-----------------------------------------------------------
This is an automatically generated e-mail. To reply, visit:
https://reviews.apache.org/r/61639/
-----------------------------------------------------------
Review request for mesos, Anand Mazumdar and Vinod Kone.
Bugs: MESOS-7744 and MESOS-7865
https://issues.apache.org/jira/browse/MESOS-7744
https://issues.apache.org/jira/browse/MESOS-7865
Repository: mesos
Description
-------
The following race leads to the agent both killing and launching a task:
(1) Slave::__run completes, task is now within Executor::queuedTasks.
(2) Slave::killTask locates the executor based on the task ID residing
in queuedTasks, calls Slave::statusUpdate() with TASK_KILLED.
(3) Slave::___run assumes that killed tasks have been removed from
Executor::queuedTasks, but this now occurs asynchronously in
Slave::_statusUpdate.
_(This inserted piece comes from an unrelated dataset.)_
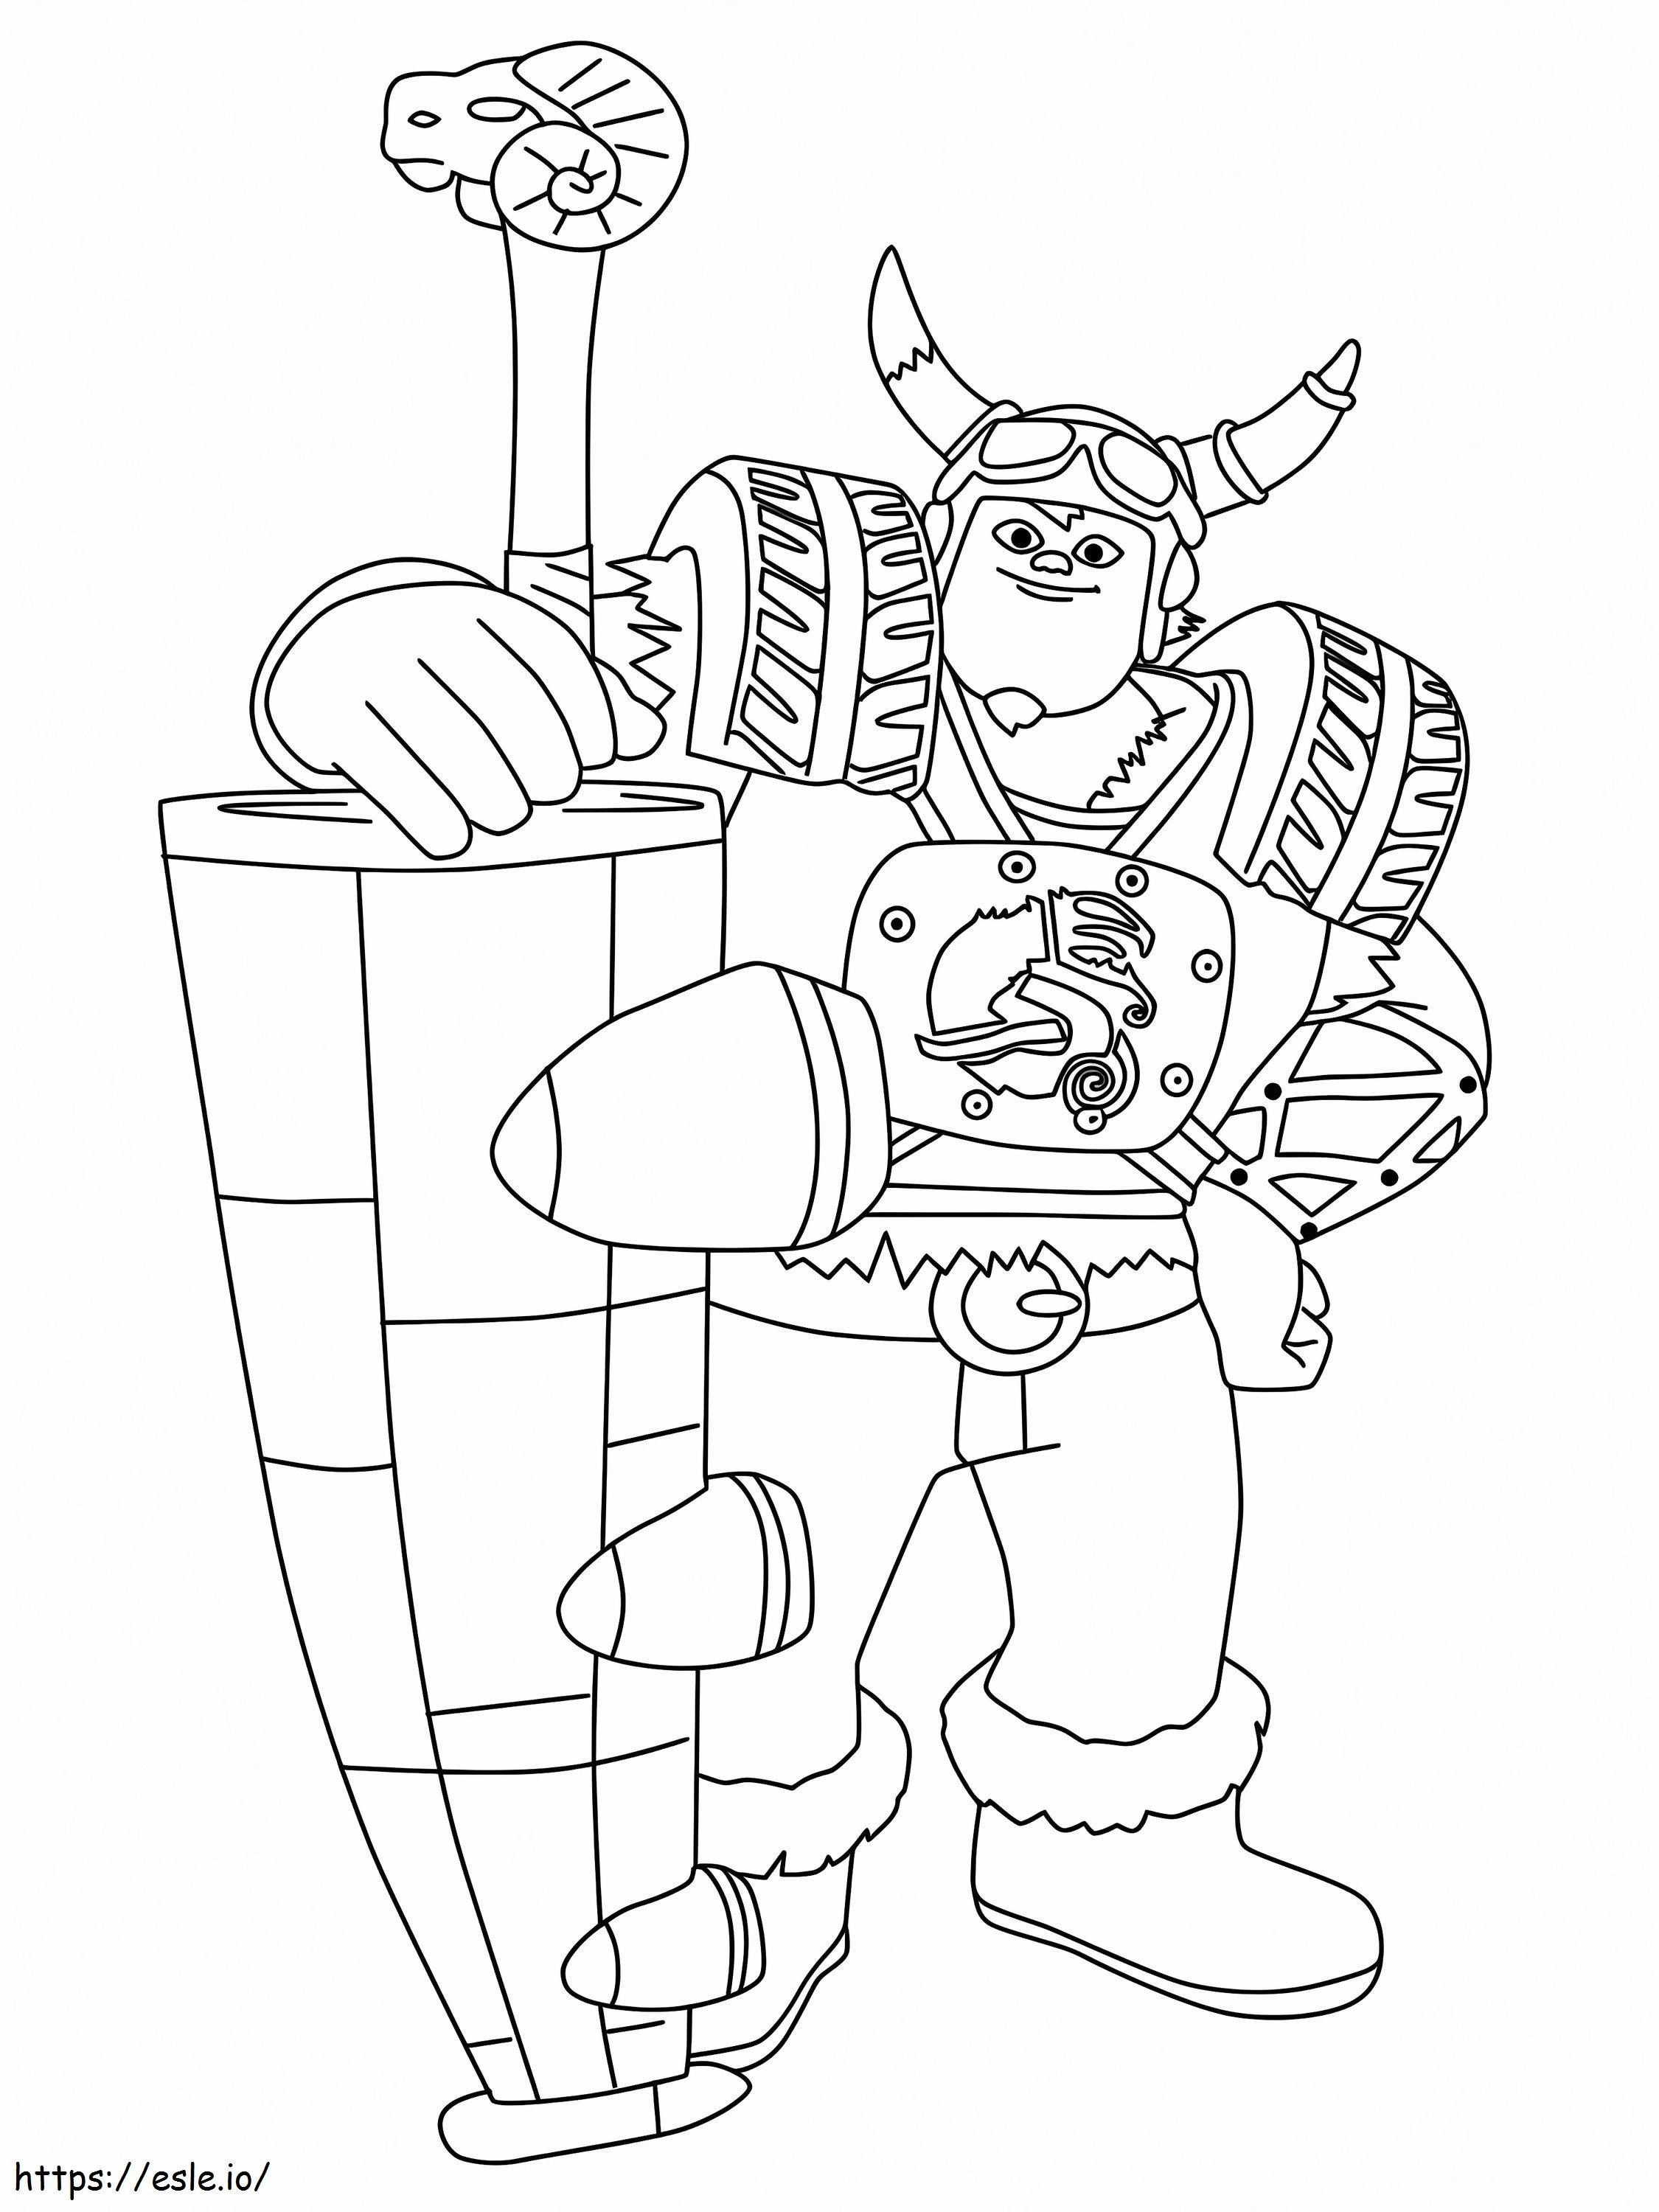 Crogar From Zak Storm coloring page

So, the agent still sees the queued task
and delivers it and adds the task to Executor::launchedTasks.
(3) Slave::_statusUpdate runs, removes the task from
Executor::launchedTasks and adds it to Executor::terminatedTasks.
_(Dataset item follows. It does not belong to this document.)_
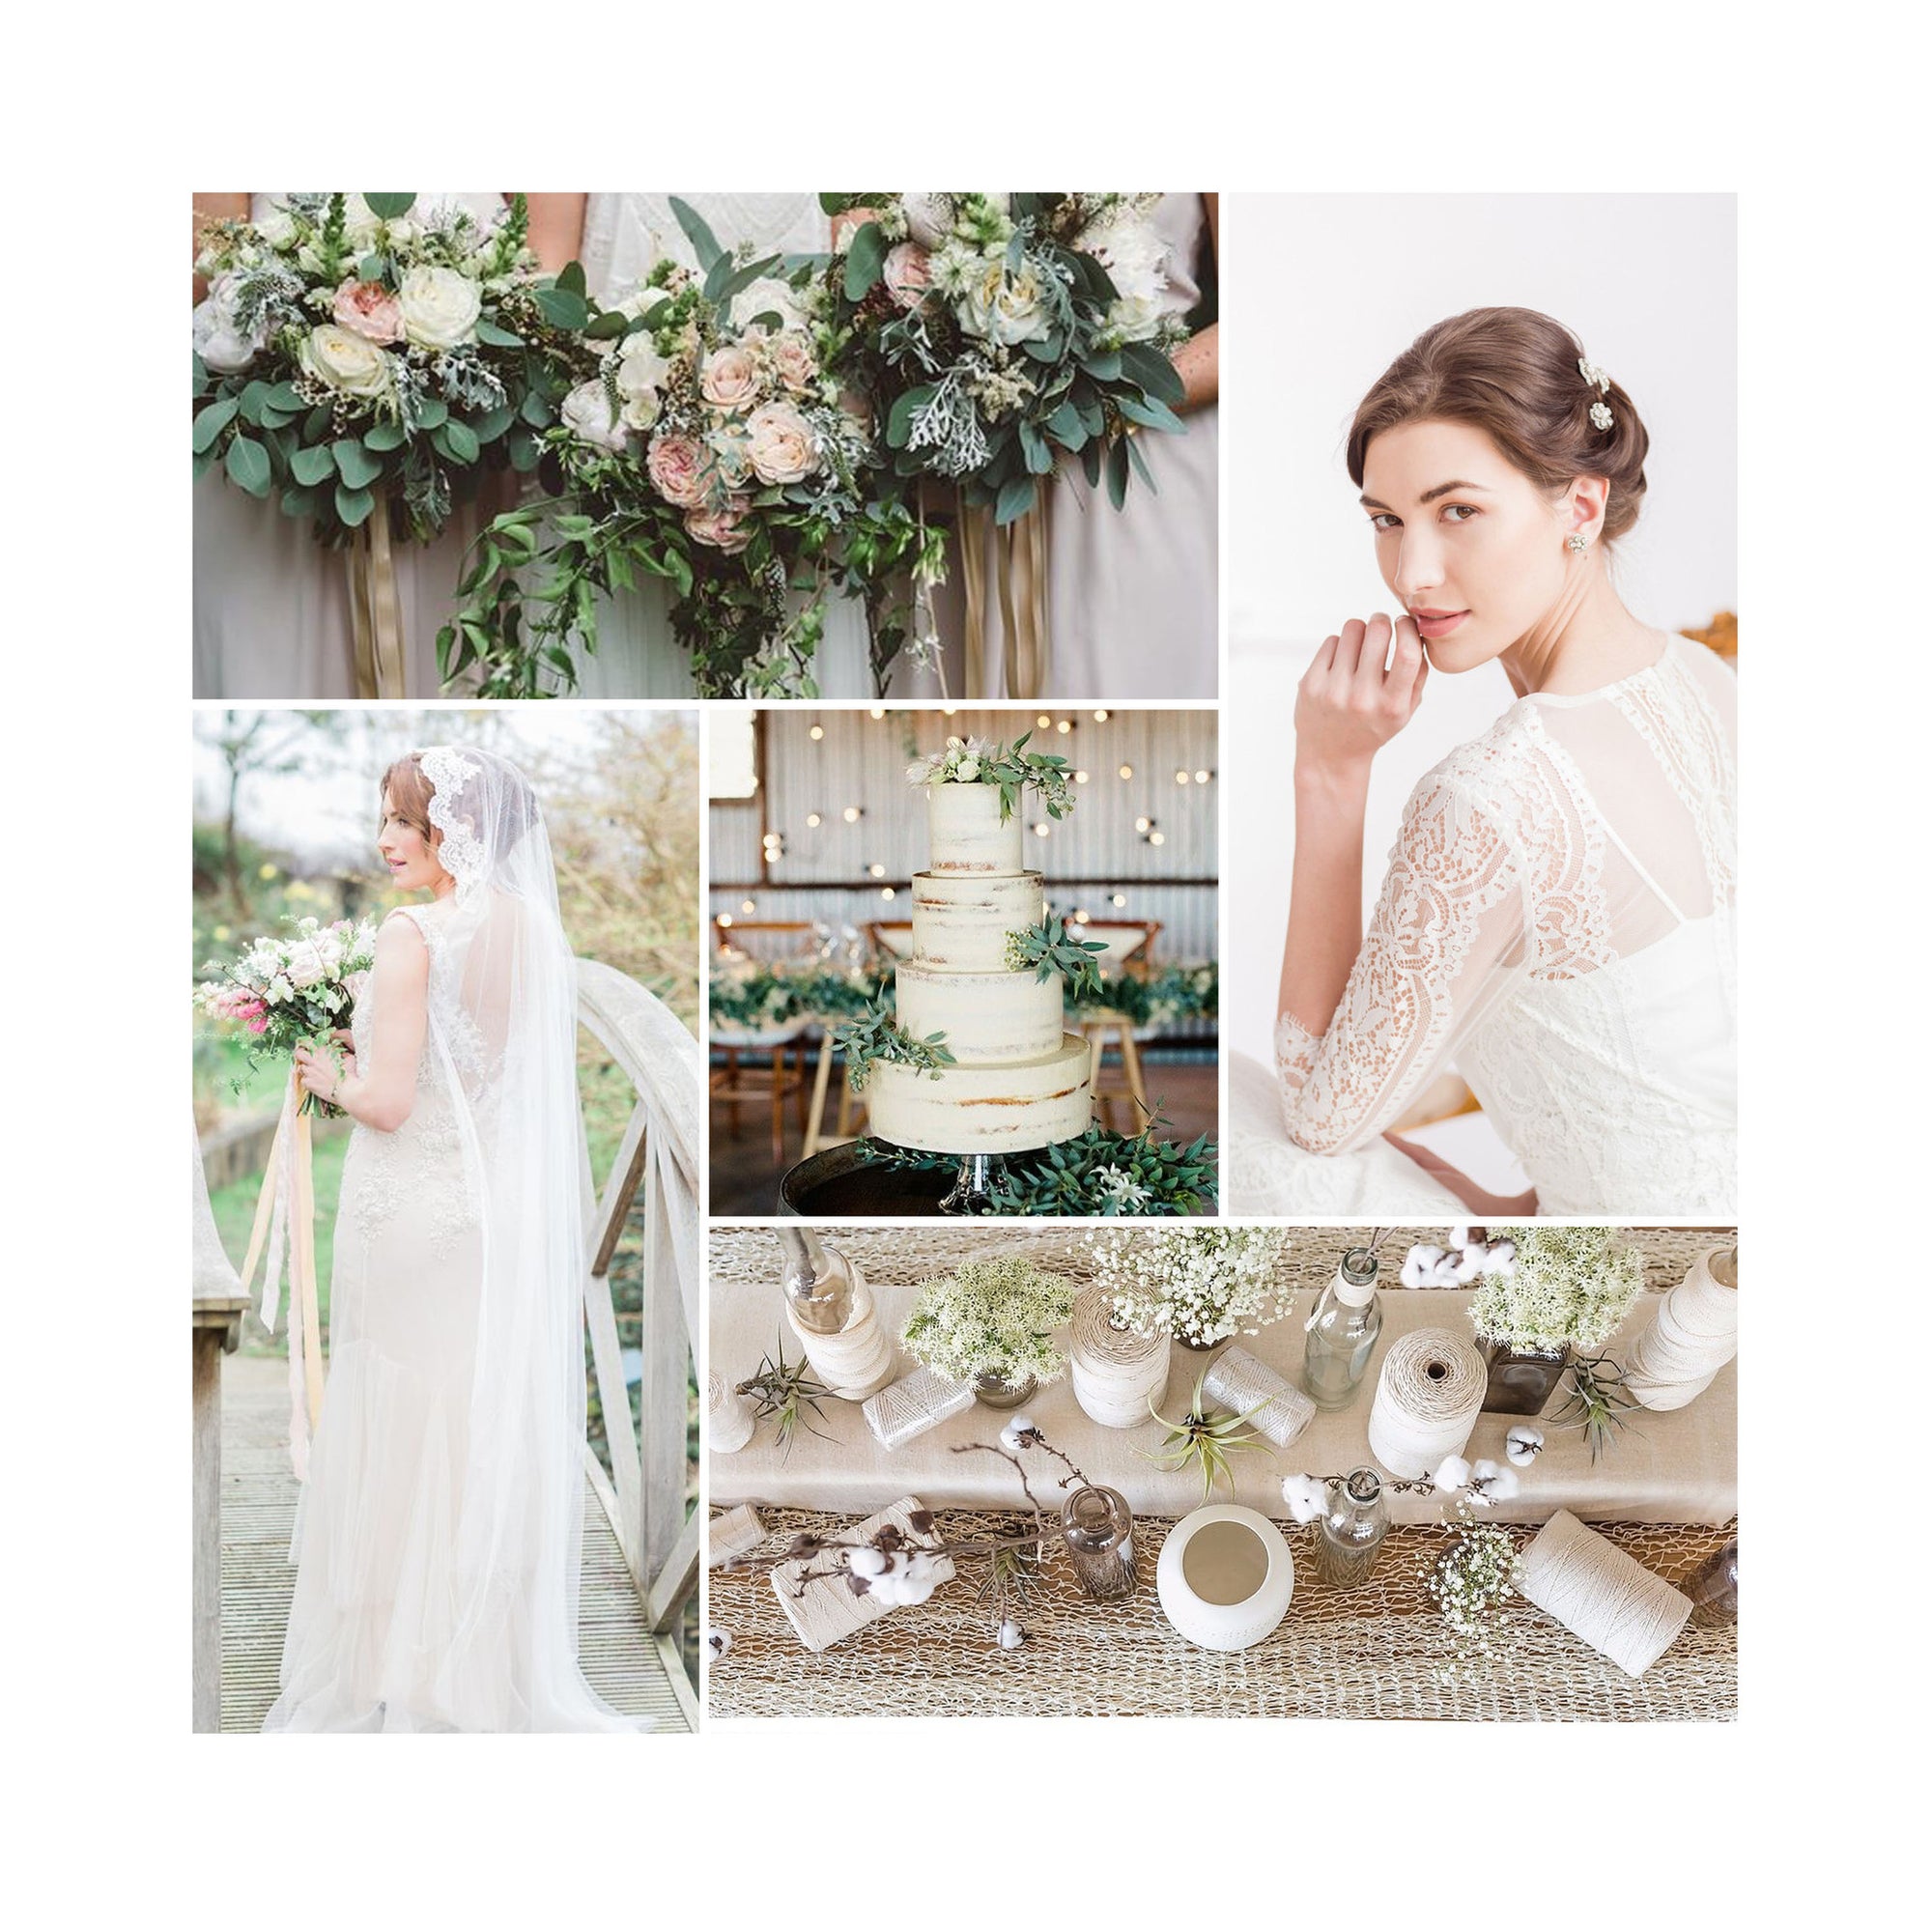 Ivory and pale green wedding inspiration!

The fix applied here is to synchronously transition queued tasks to
a terminal state when statusUpdate is called. This can be done because
for queued tasks, we do not need to retrieve the container status (the
task never reached the container).
Diffs
-----
src/slave/slave.hpp 1fe93dab1b2bef24721cc1bcffebe1b259e96d79
src/slave/slave.cpp 7381530515f86faf4c3e8f82bcd9483f6cf0498b
Diff: https://reviews.apache.org/r/61639/diff/1/
Testing
-------
make check
SlaveTest.KillQueuedTaskDuringExecutorRegistration captures this case, but it
did not delay retrieving the container status. This test could have been
updated previously to delay the container status, but now there is no container
status to delay, so I've left the test alone.
Thanks,
Benjamin Mahler